What this actually means for labor
Two things can be true at once:
One: the Canton Fair humanoids are, on a live factory floor, not yet as capable as AgiBot’s G2 running an 8-hour Longcheer tablet line last Friday or the Siemens-Nvidia HMND 01 logistics pilot in Erlangen. Canton Fair’s floor models are, mostly, demo-grade. They won’t pass QA on a precision electronics line next month.
Two: the category that Canton Fair does sell — logistics handlers, reception robots, guided-tour units, light-industrial bipeds, and one very confident badminton player — is priced at 200,000 to 500,000 yuan. That is, per unit, in the same zone as a single factory worker’s fully-loaded annual comp in China, on a one-to-one basis for the mid-range, and substantially under that for the entry models. Amortized over three years of three-shift-a-day operation, the math closes in the robot’s favor long before any American-factory payback calculation does.
The people the Canton Fair humanoid displaces are not, today, precision tablet QA line operators in Nanchang. They are the security guard at the lobby desk, the server bringing tea in a small restaurant, the warehouse associate pushing cages from receiving to storage, the guide at the museum, the front-office greeter at the dentist’s office. These are 30 million–plus jobs in China alone, by the National Bureau of Statistics’ own rollups. They are the jobs whose comp has just crossed the one-year-payback line on a Canton Fair biped.
What to watch next
- Unit shipments in Q2 2026. The 3,140-in-two-months number will be reported through Chinese customs again in early July. If that climbs past 10,000 for April–June, Canton Fair pricing was not a trade-show gimmick — it was the real curve.
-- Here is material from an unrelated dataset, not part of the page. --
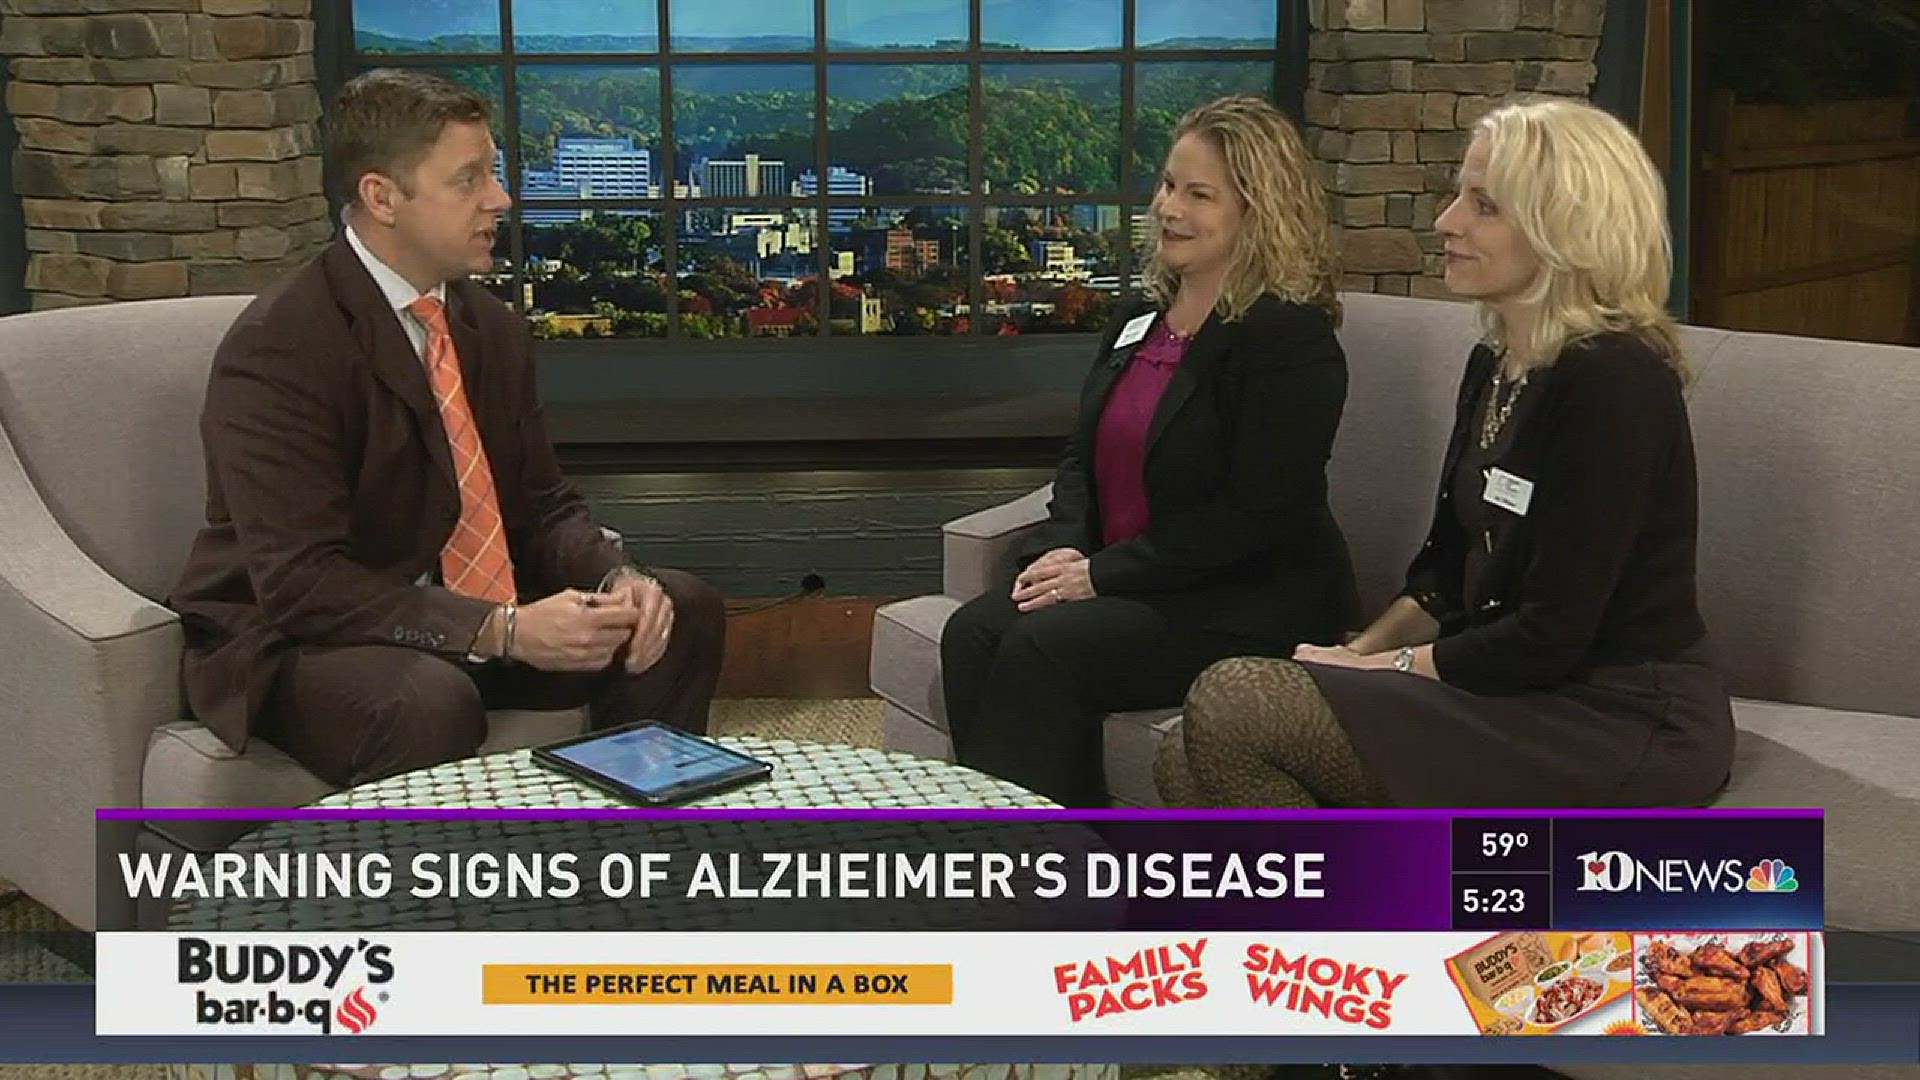 Nov. 15, 2016: Rebekah Wilson from Alzheimer's Tennessee and Joy Wilson from 'Right at Home' senior care services discuss the warning signs of Alzheimer's disease, and the impact the disease has on patients and caregivers.

- Western industrial orders. Phybot’s “inquiries from Europe and the United States” comment is a soft data point. The hard version is whether any U.S. or EU logistics integrator announces a Canton-Fair-sourced pilot before year-end.
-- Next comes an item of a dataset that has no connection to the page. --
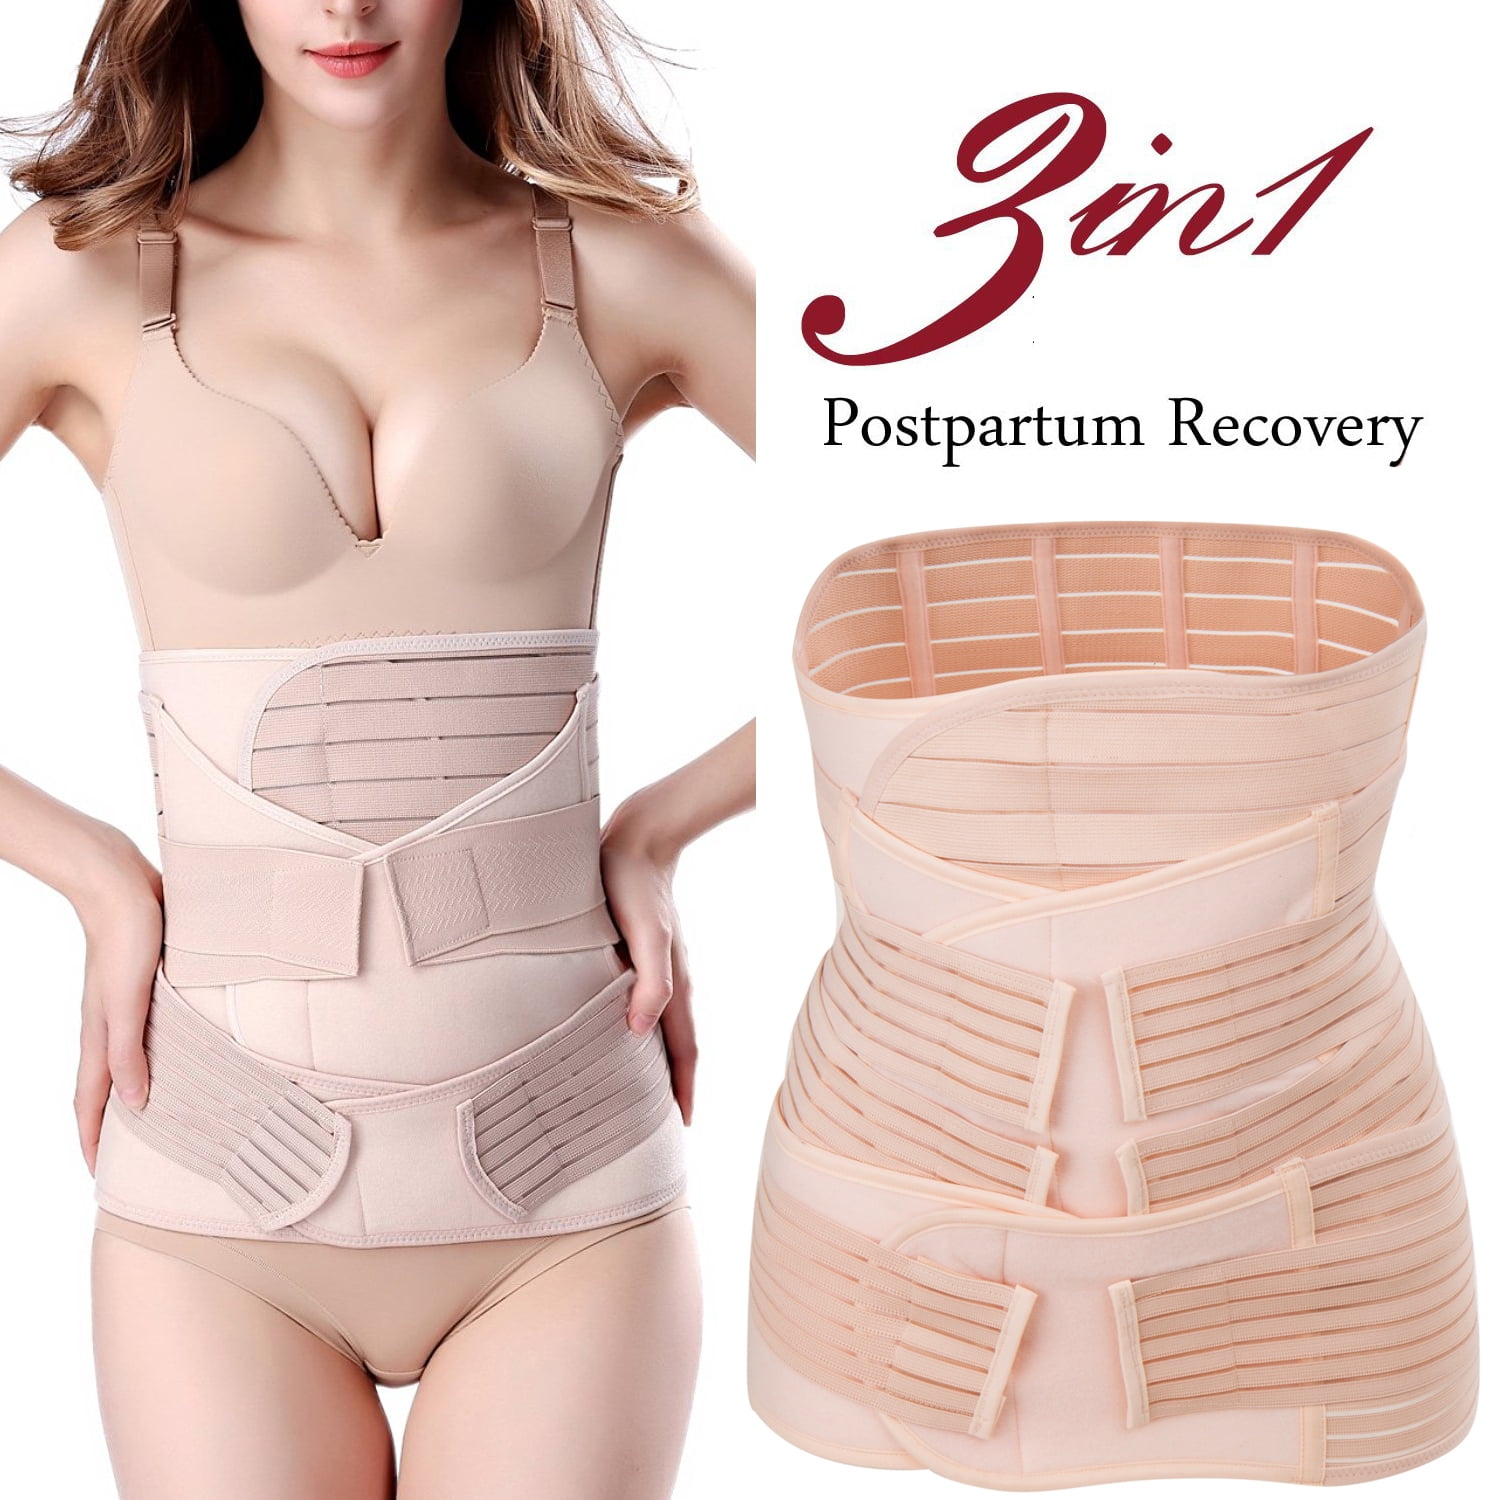 Postpartum Support Recovery Belly Wrap Girdle Support Band Belt Body Shaper

- Ti5’s BOM disclosure. If Ti5 publicly knocks its actuator price in half again at the Autumn Canton Fair in October, every humanoid on the floor drops another 25% with it. That is a price curve that breaks a lot of corporate headcount spreadsheets.
Last year, a Canton Fair humanoid cost roughly what a nice EV sedan costs. This year, the low end costs roughly what a nice road bike and a used sedan cost combined. The headline isn’t that humanoid robots got cheaper; the headline is that “humanoid robot” is now the kind of line item a mid-sized Chinese municipality is expected to buy at trade-show volume, the same way it used to buy ride-share scooters.